=== WHAT TO DO ===
Make an exact copy of all the data, pictures excluded.

=== RECORDED INFORMATION ===
──────

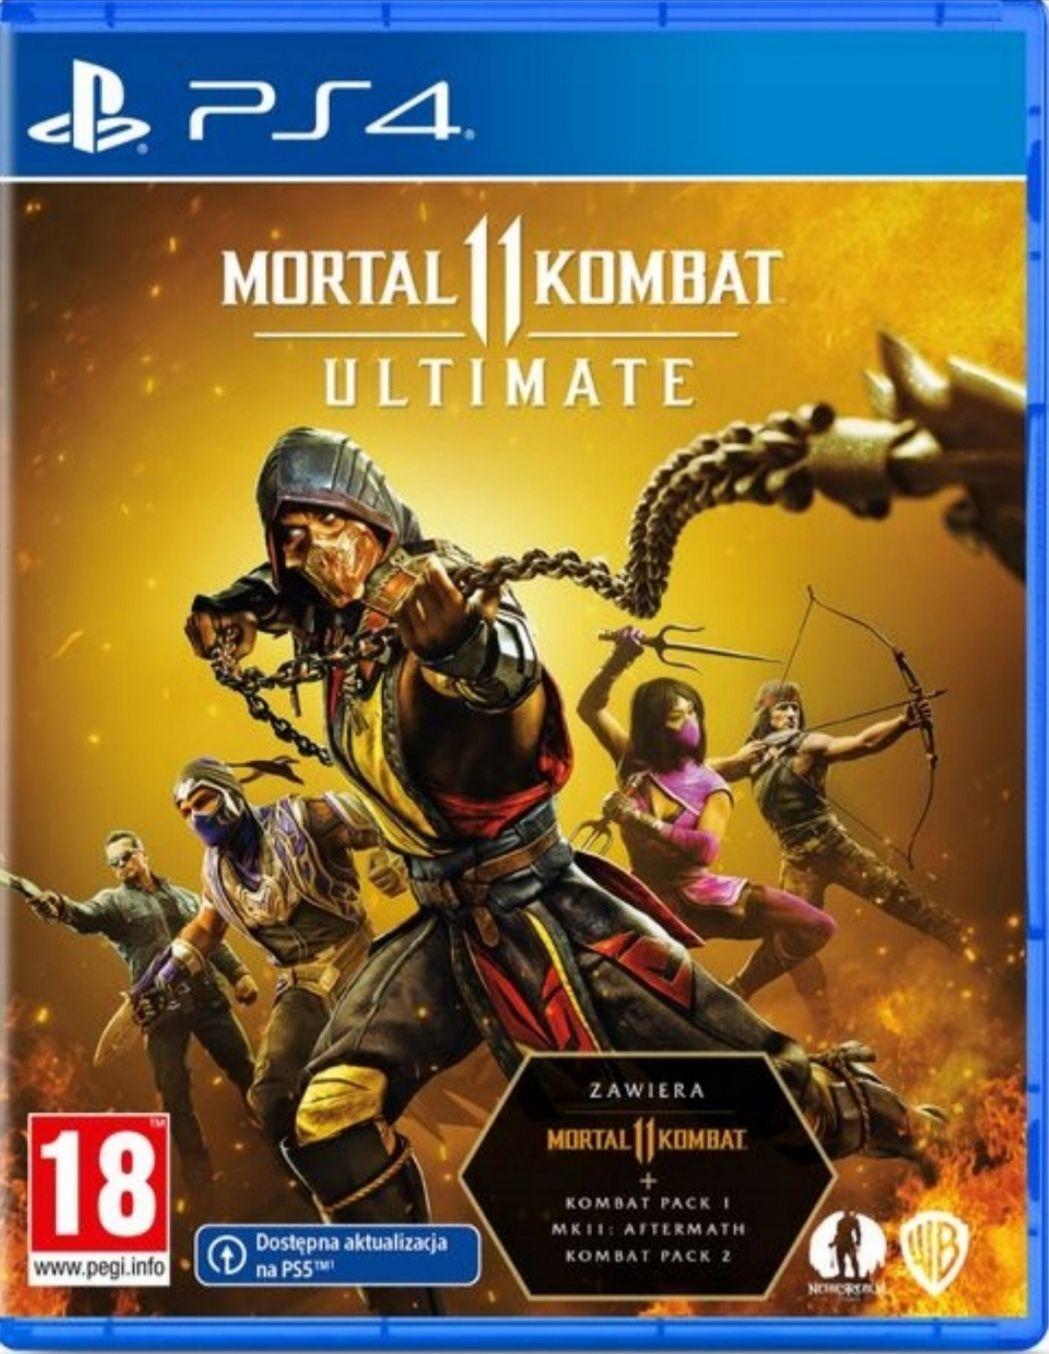 MORTAL KOMBAT 11 ULTIMATE PS4 PlayStation 4
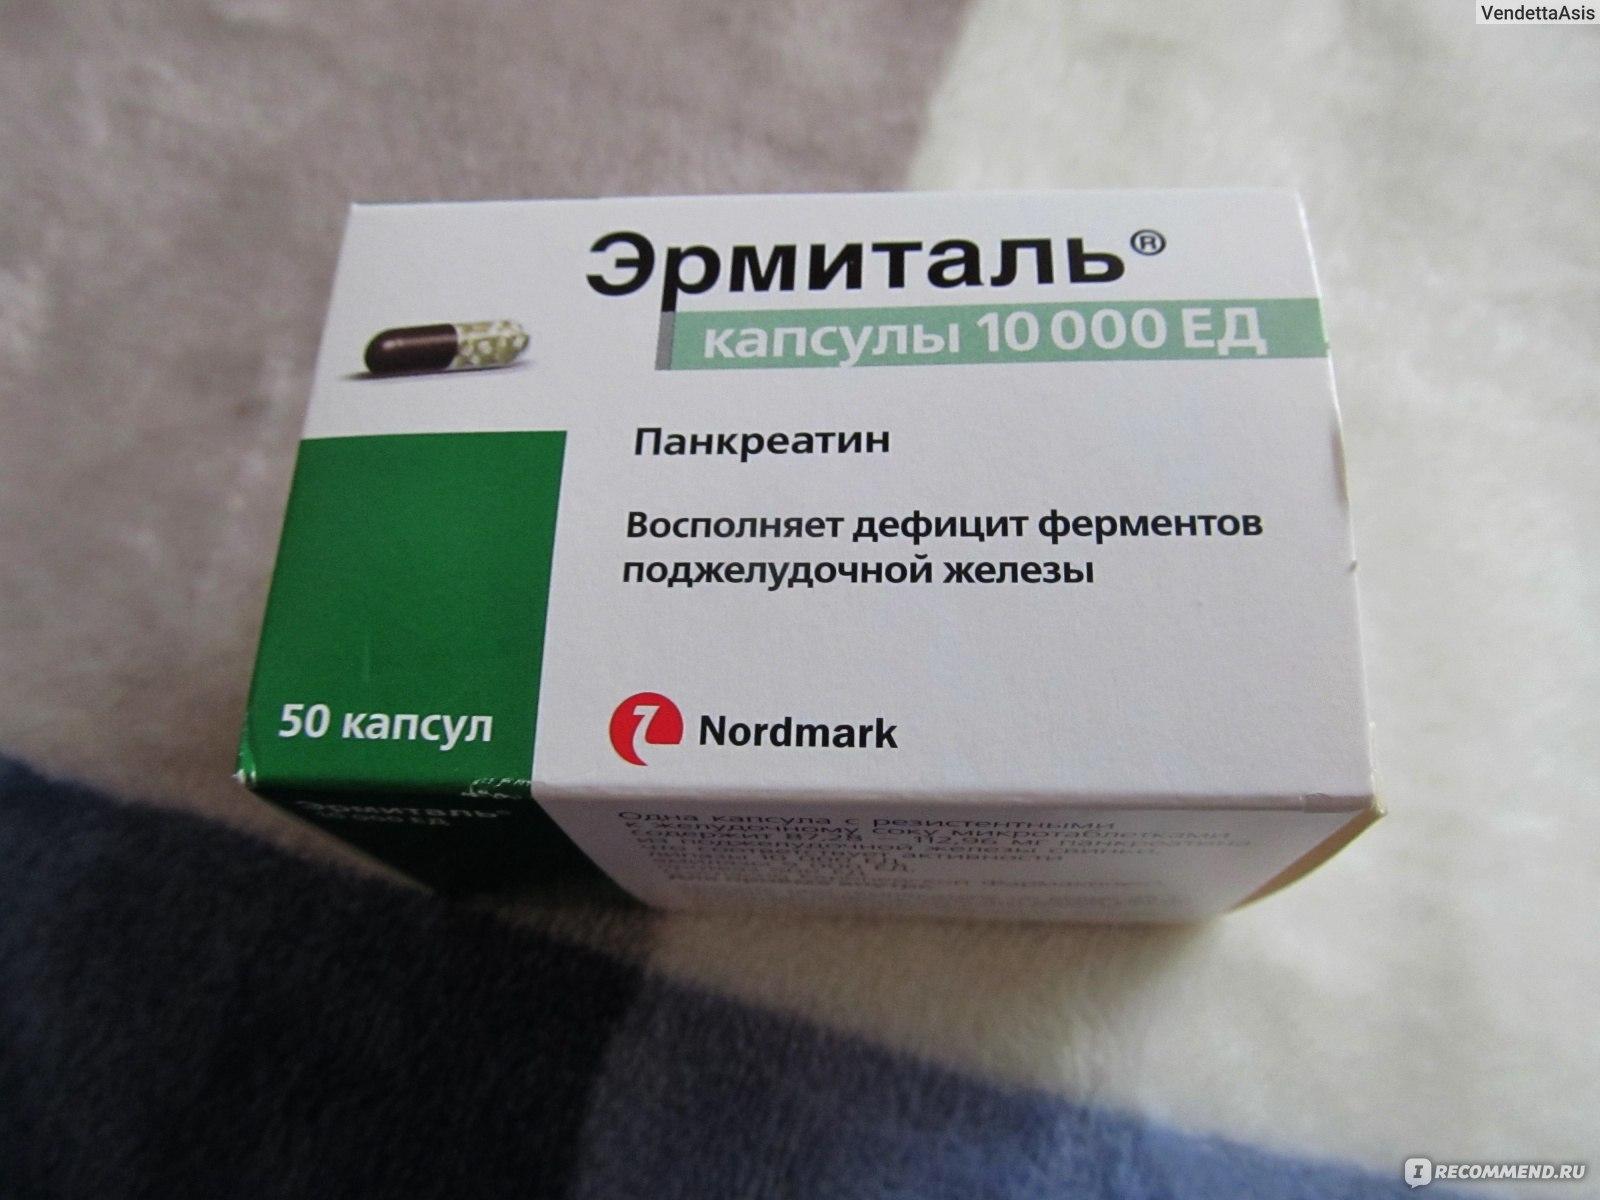 Эрмиталь: таблетки 10000 ед, 25000 ед и 36000 ед
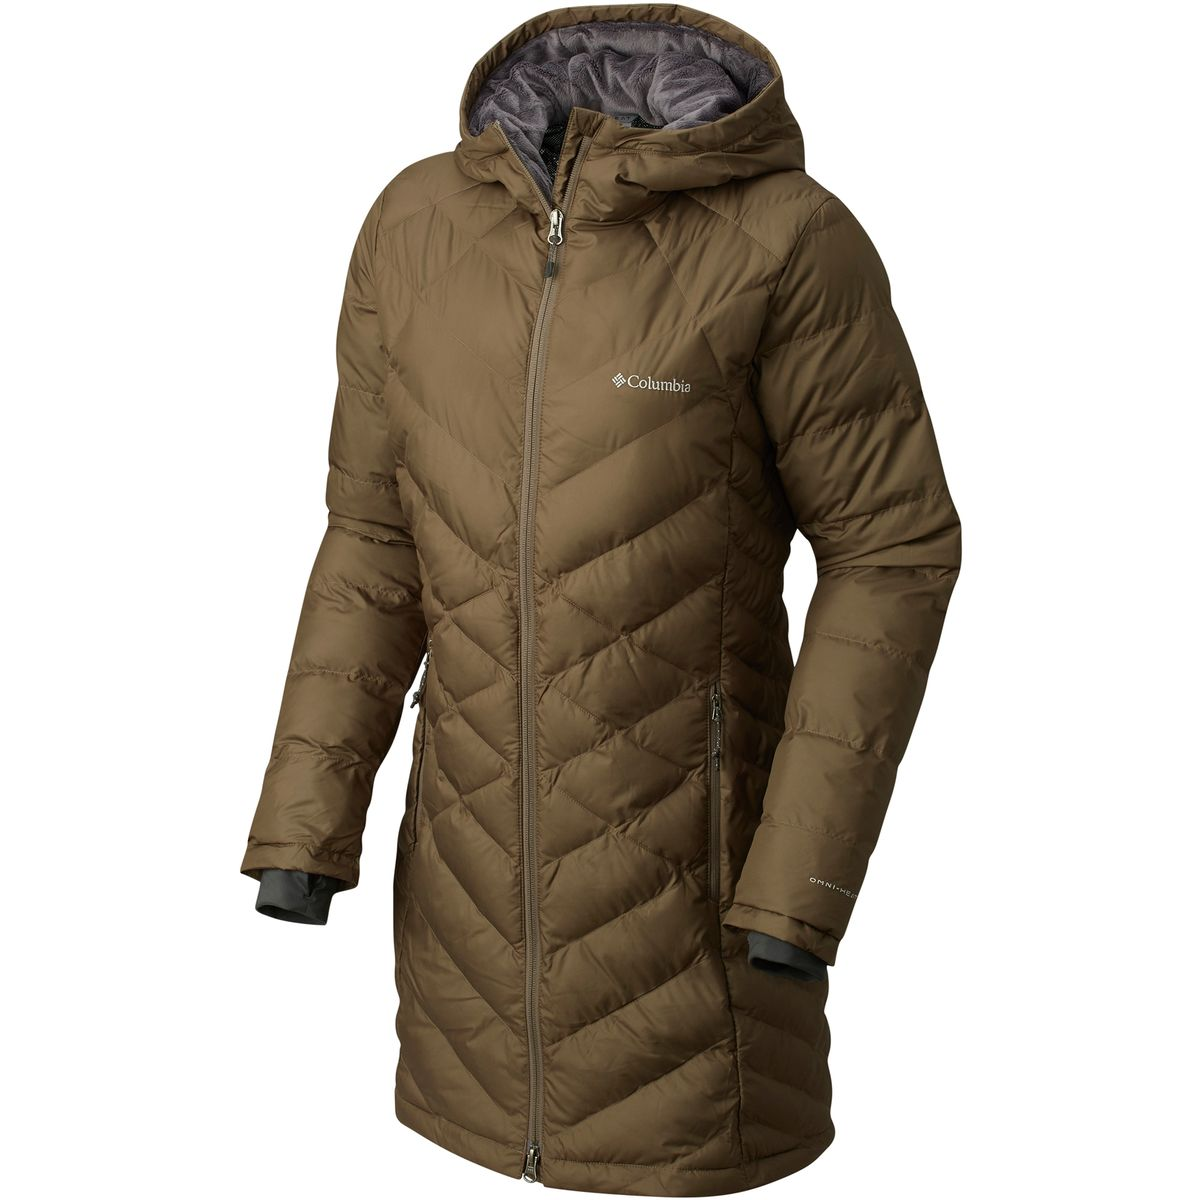 Columbia Heavenly Long Hooded Jacket - Women
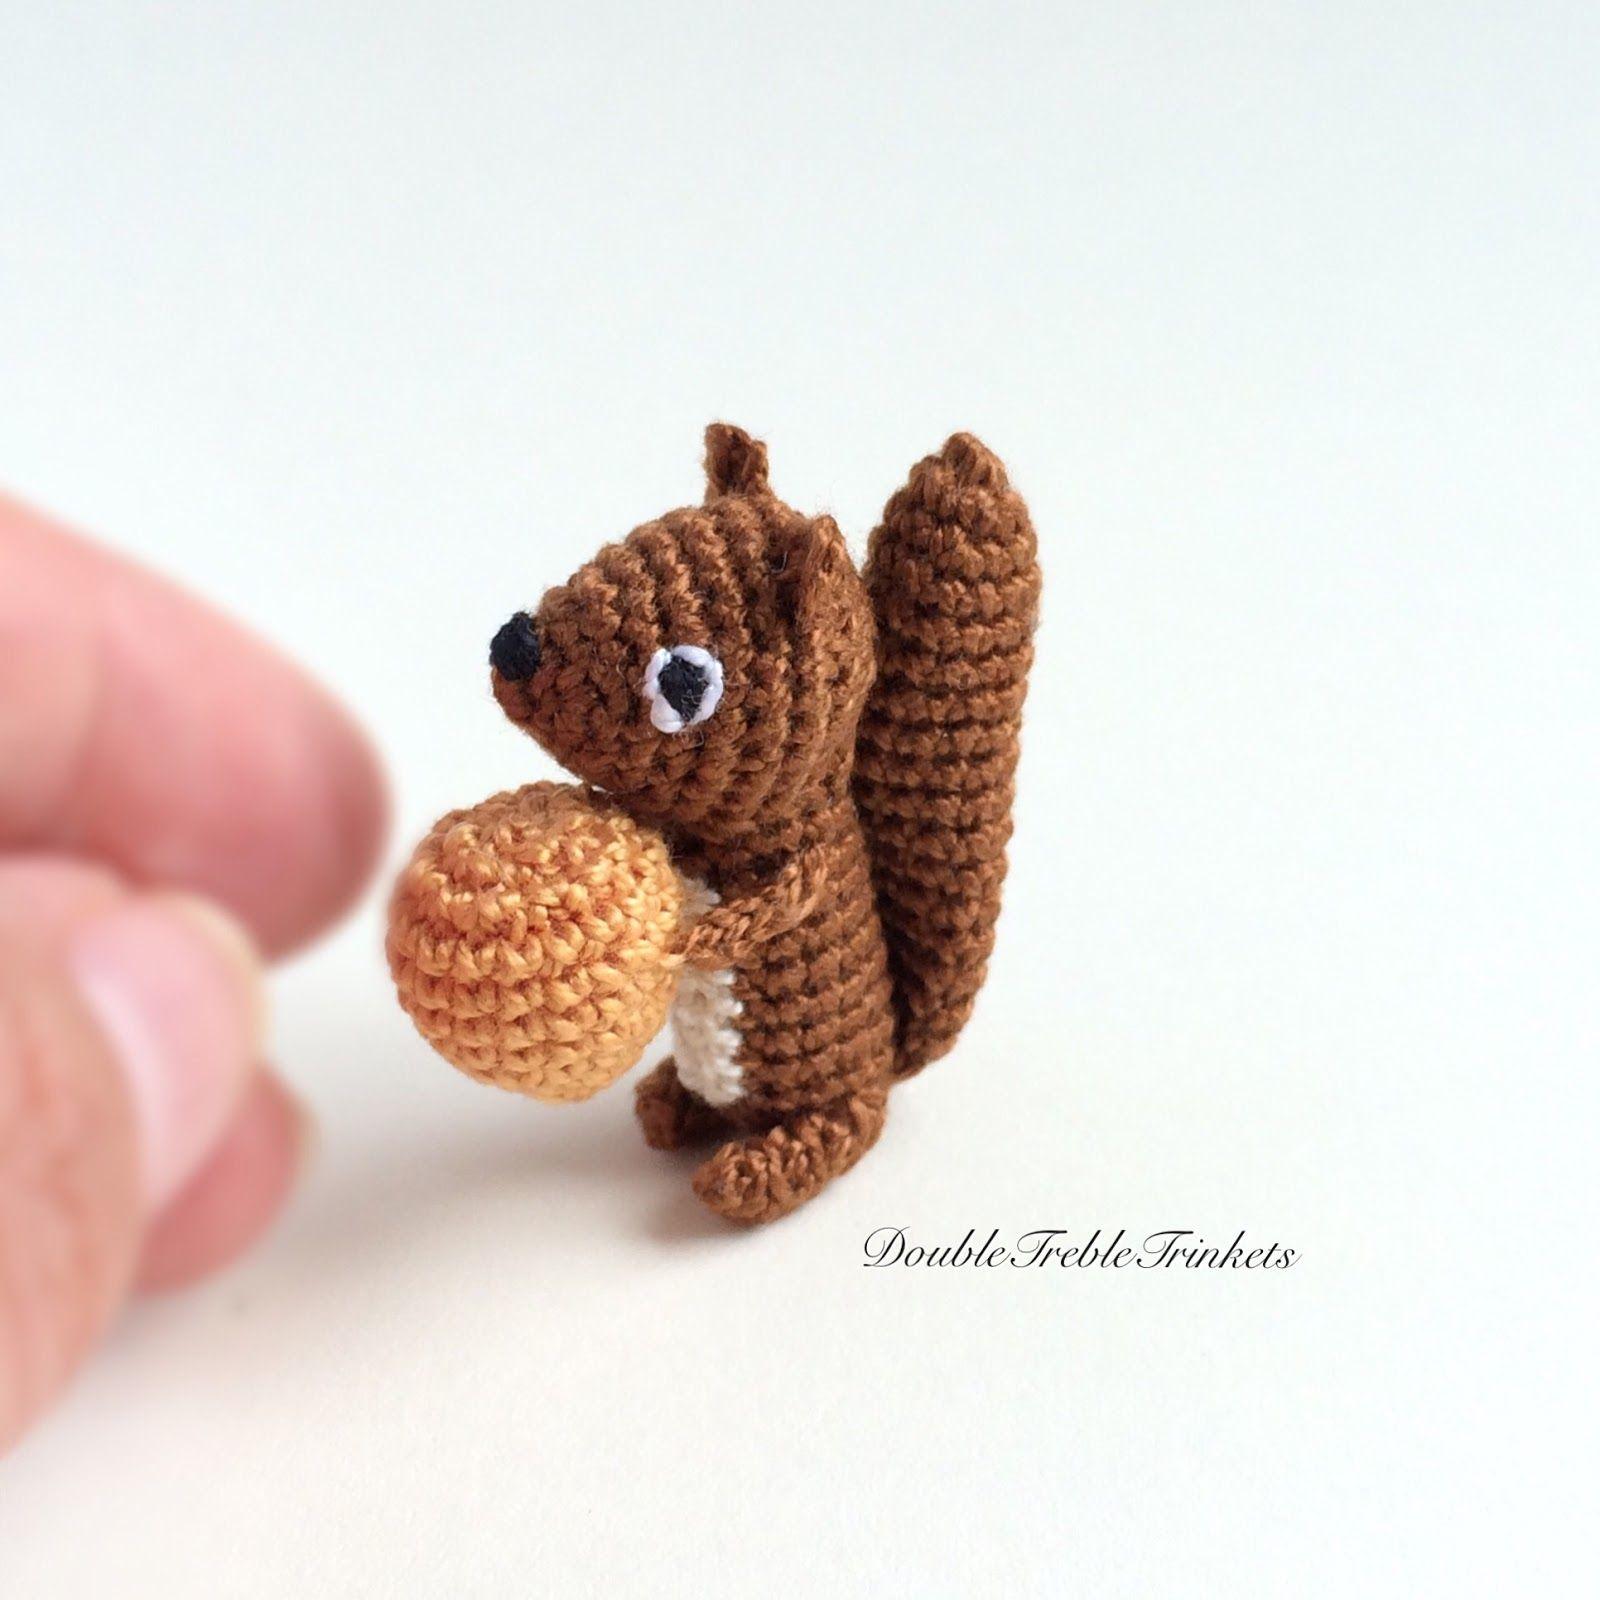 Microgurumi,Eichhörnchen , | jenny | Pinterest | Eichhörnchen ...

──────

=== EXERCISE RESPONSE ===
 MORTAL KOMBAT 11 ULTIMATE PS4 PlayStation 4
 Эрмиталь: таблетки 10000 ед, 25000 ед и 36000 ед
 Columbia Heavenly Long Hooded Jacket - Women
 Microgurumi,Eichhörnchen , | jenny | Pinterest | Eichhörnchen ...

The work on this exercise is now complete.